* PROVIDED MATERIAL:
──────────
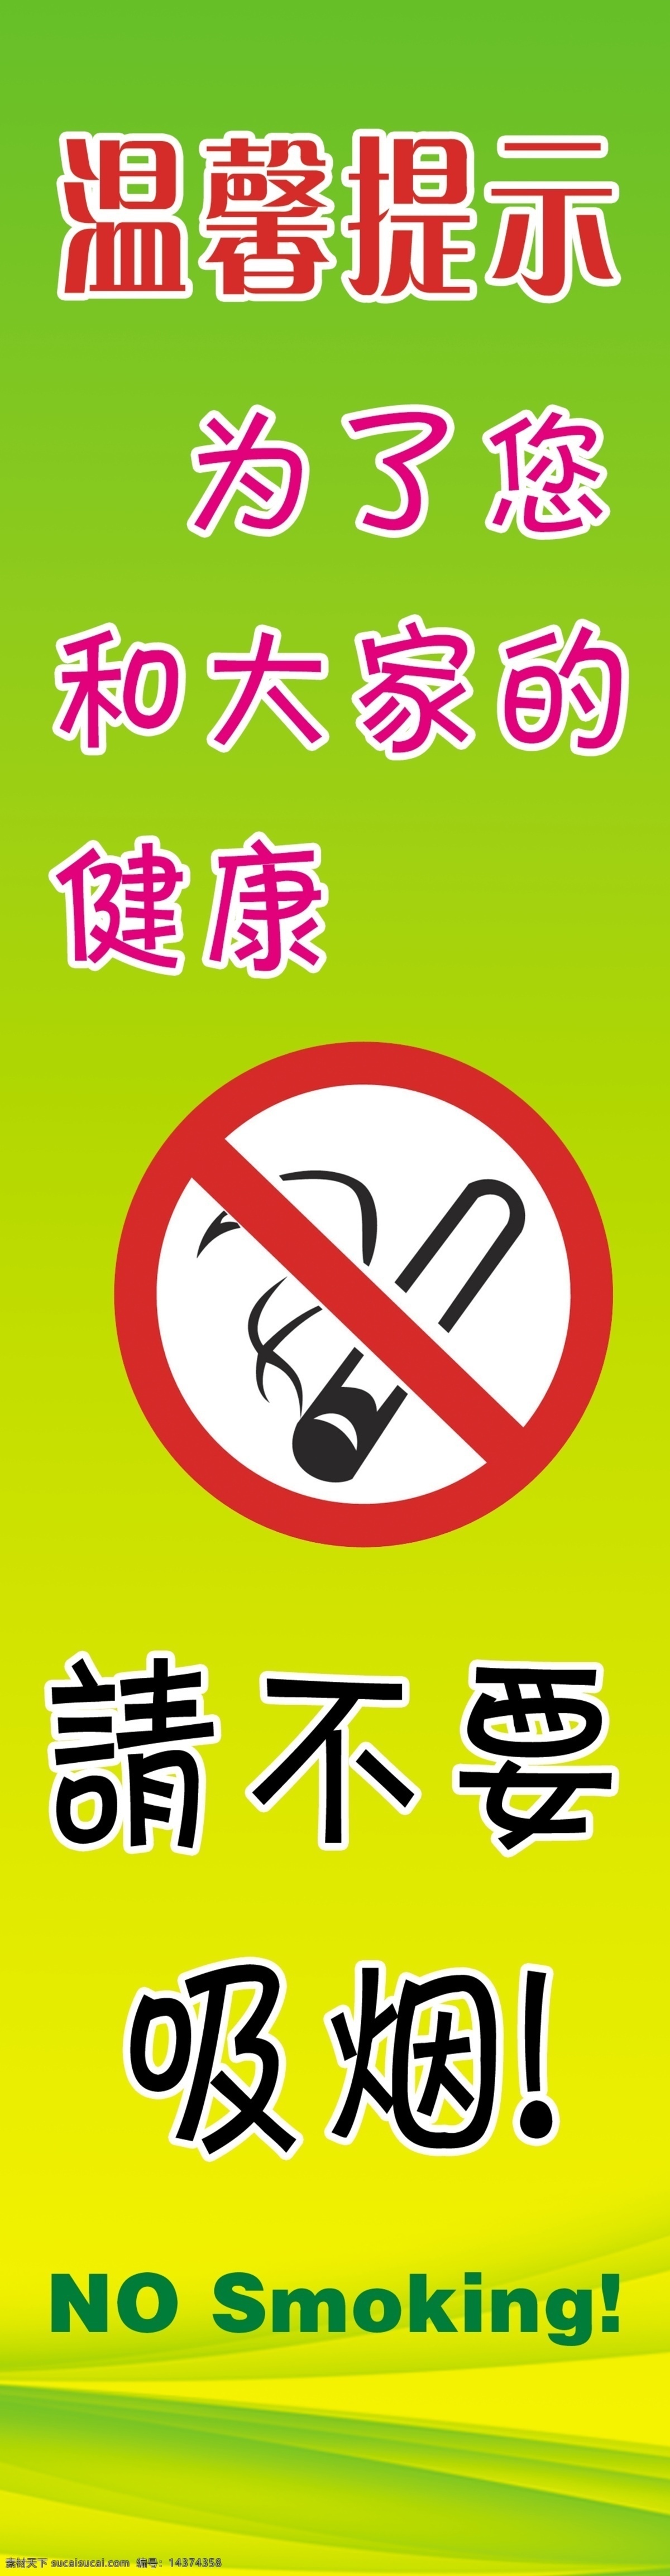 无烟单位 创建无烟单位 禁止吸烟 温馨提示 为了健康 英文 绿色背景 光 渐变背景 不要吸烟 警示语 禁烟标志 分层 源文件
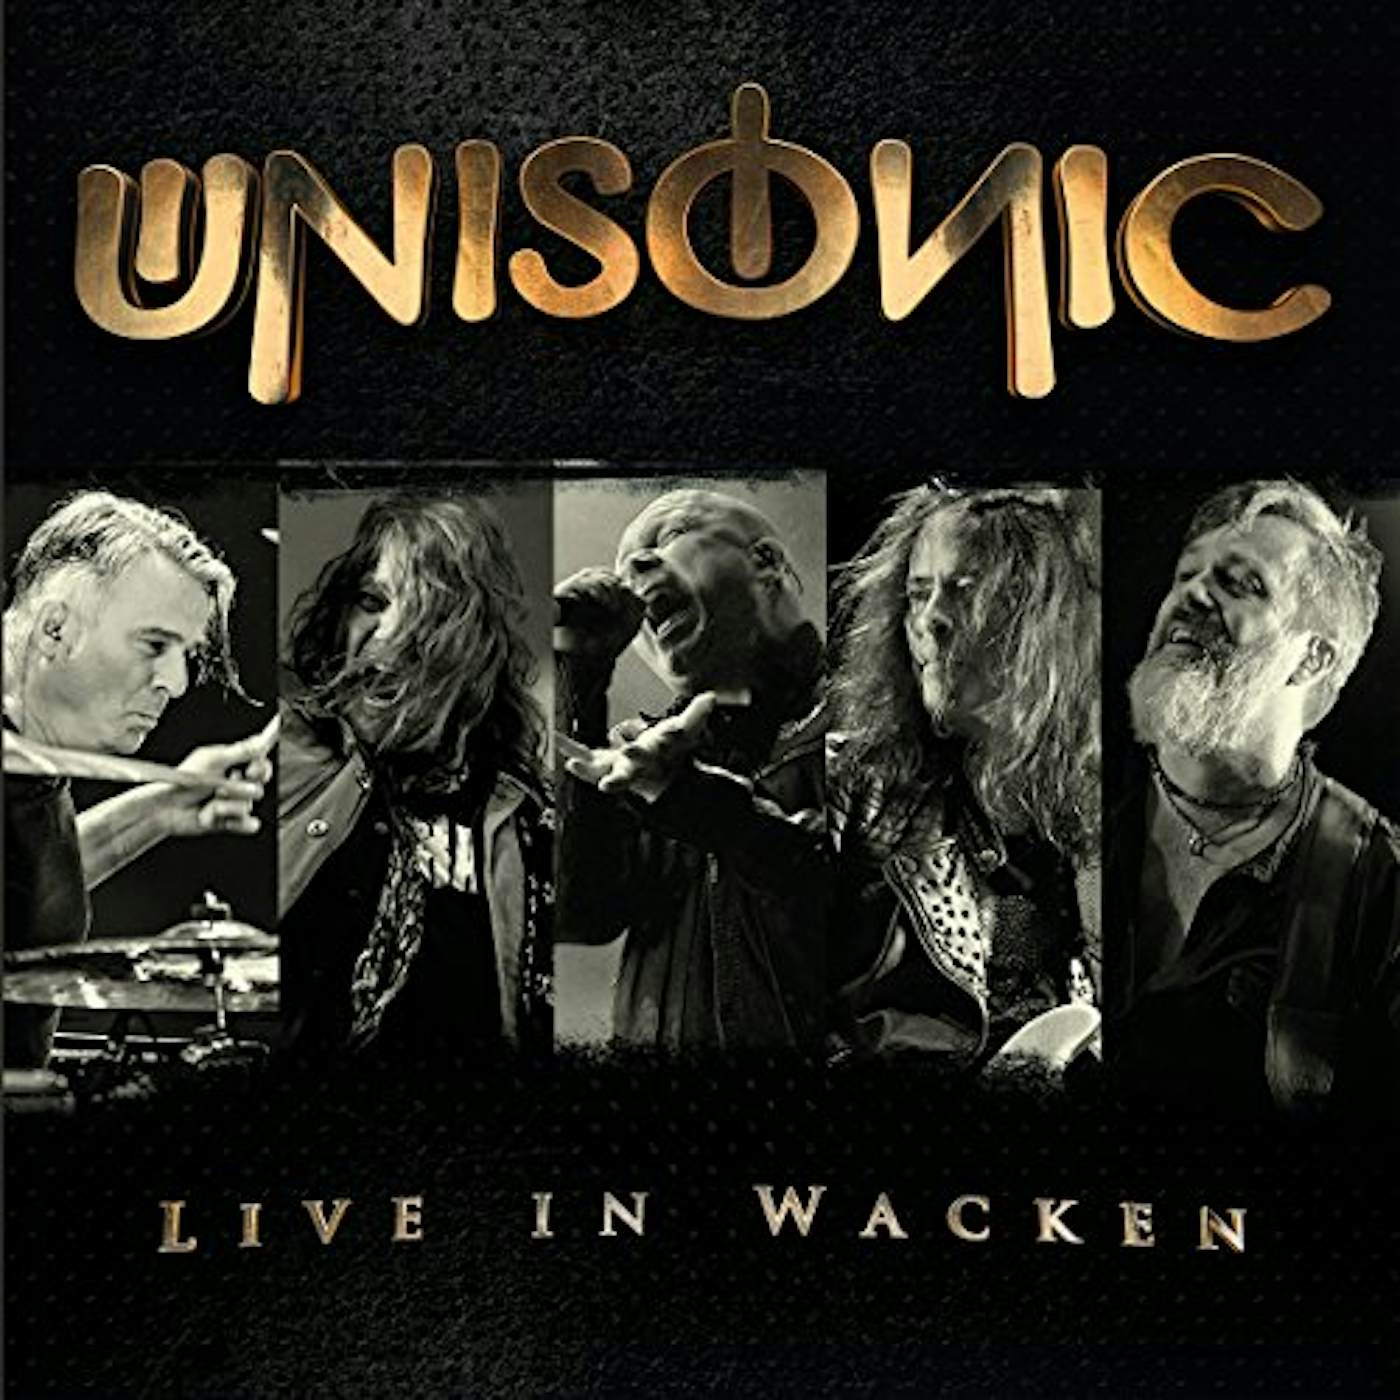 Unisonic LIVE IN WACKEN CD
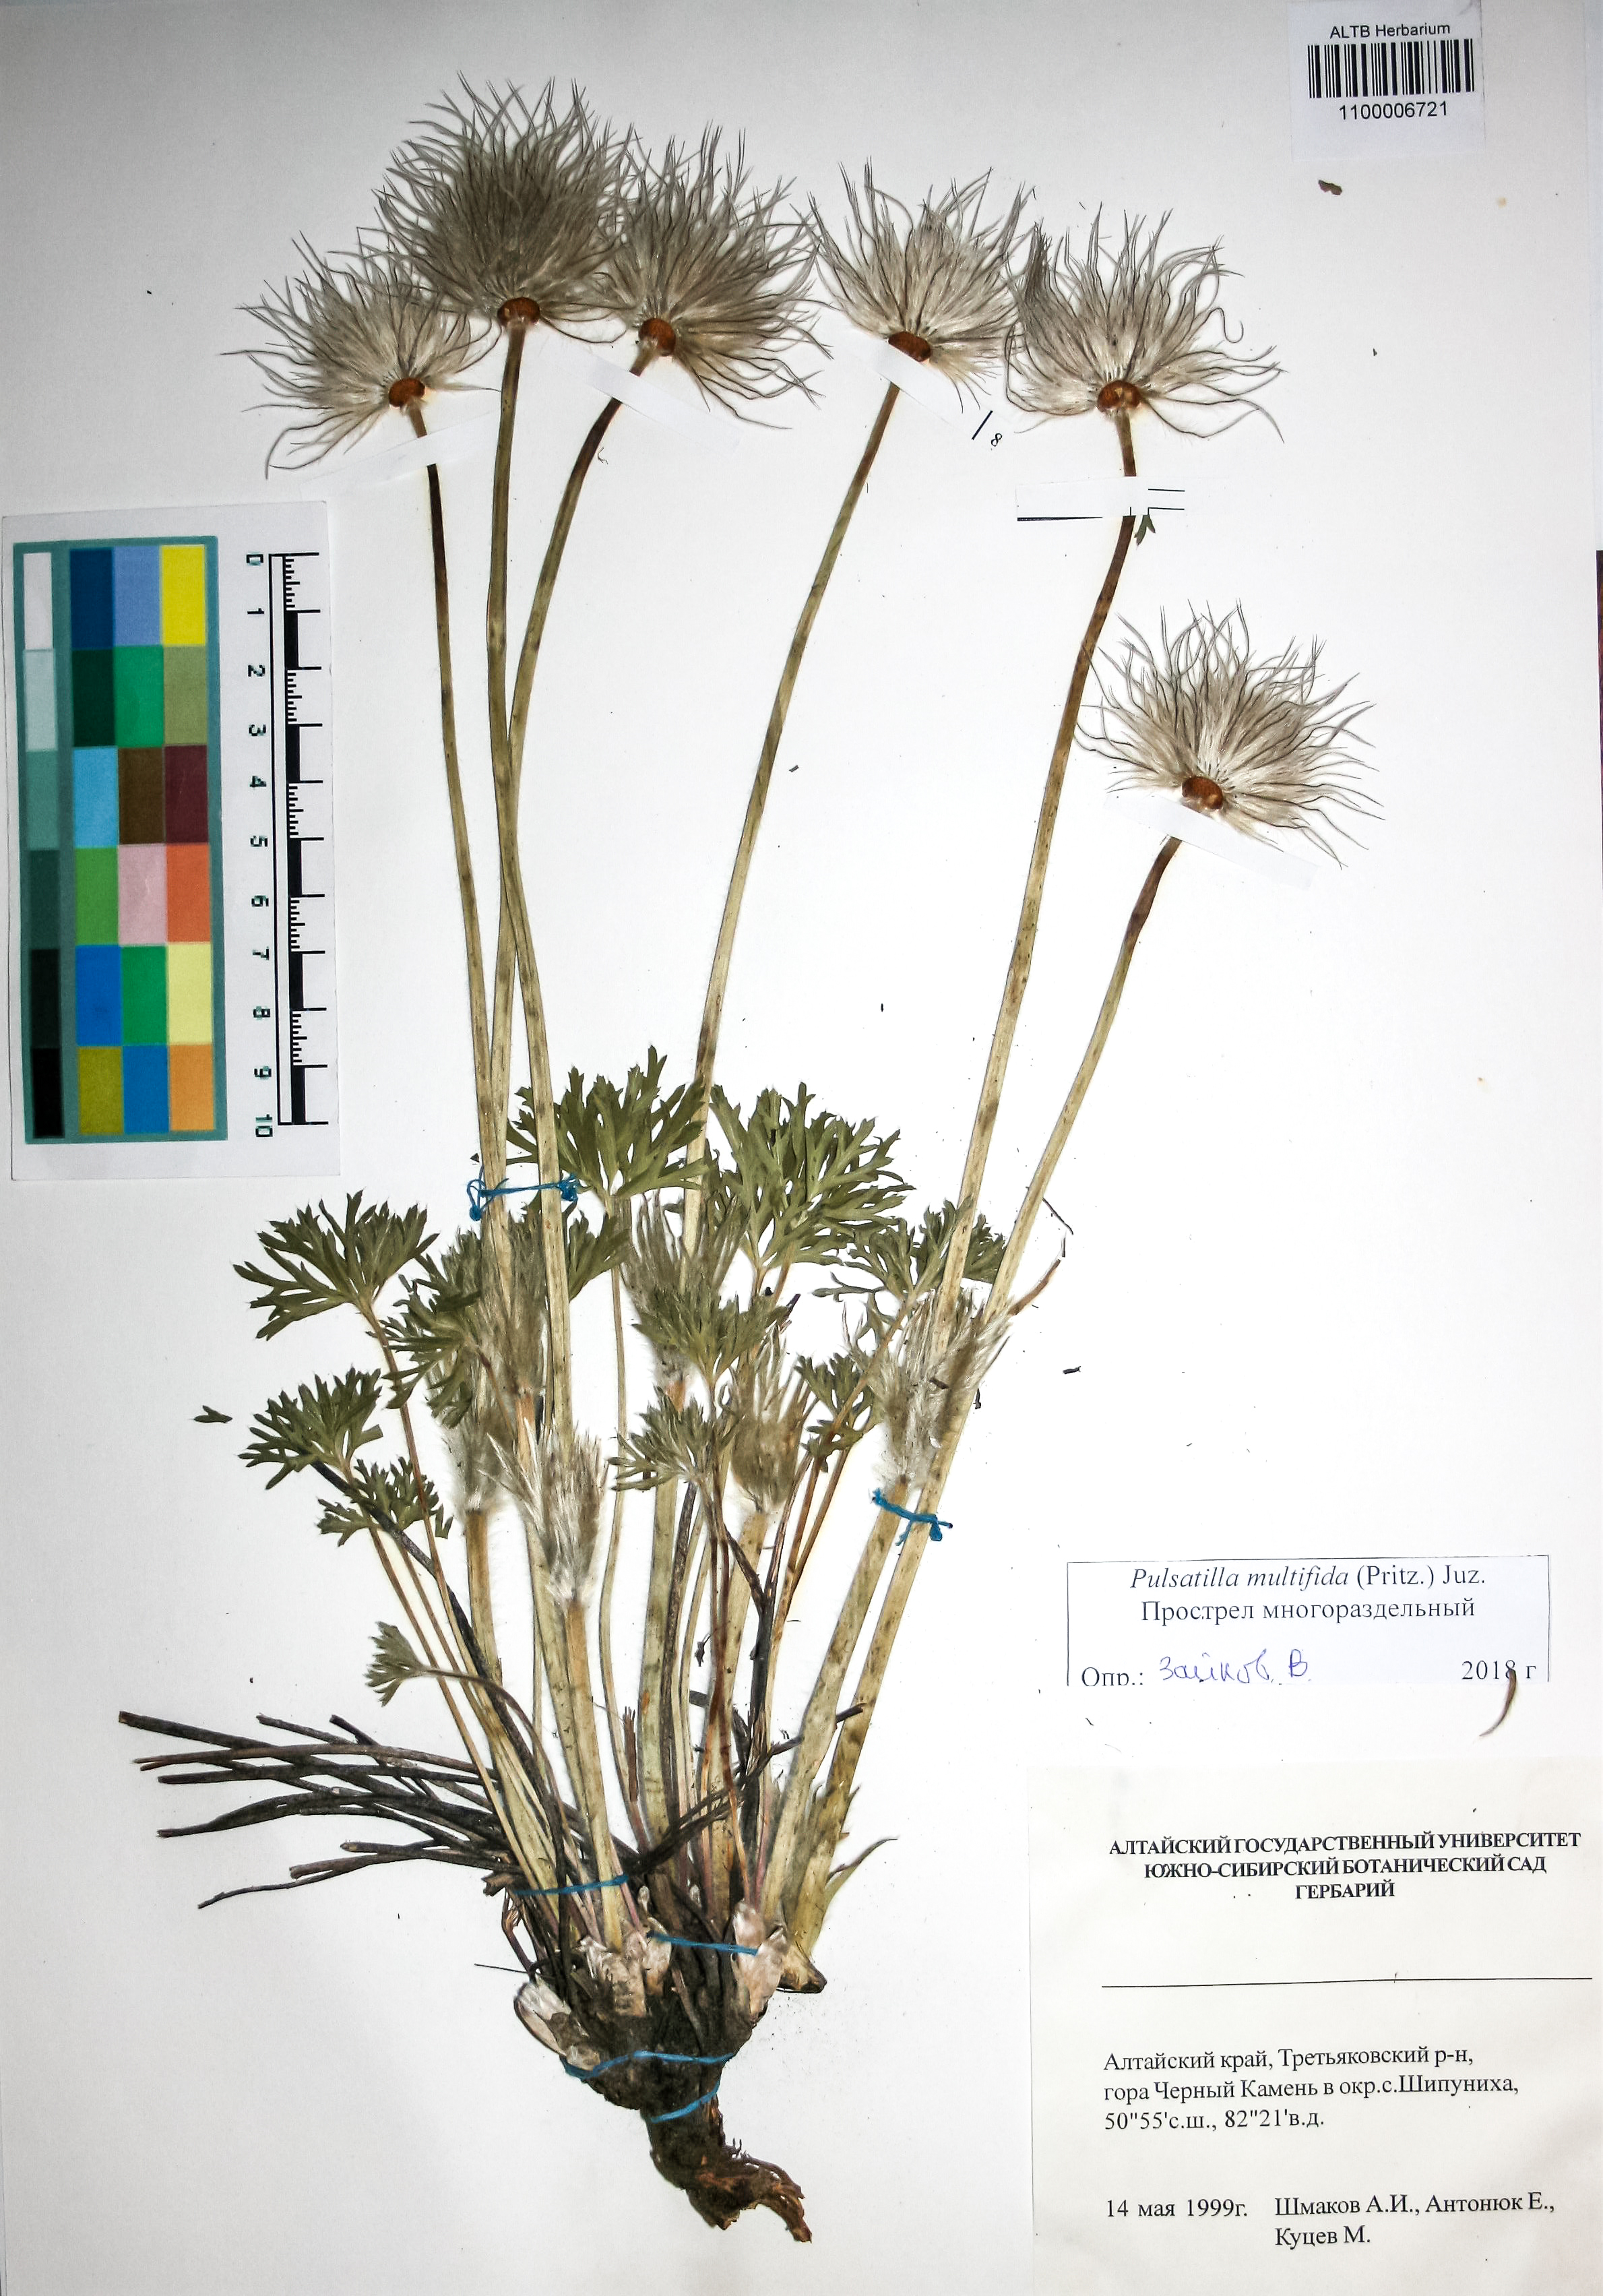 Ranunculaceae,Pulsatilla multifida (Pritz.) Juz.
──────────
* YOUR ASSIGNMENT: Only the pictures are to be left out; print everything else in the listing exactly.

* EXERCISE SOLUTION:
 无烟单位 创建无烟单位 禁止吸烟 温馨提示 为了健康 英文 绿色背景 光 渐变背景 不要吸烟 警示语 禁烟标志 分层 源文件
 Unisonic LIVE IN WACKEN CD
 Ranunculaceae,Pulsatilla multifida (Pritz.) Juz.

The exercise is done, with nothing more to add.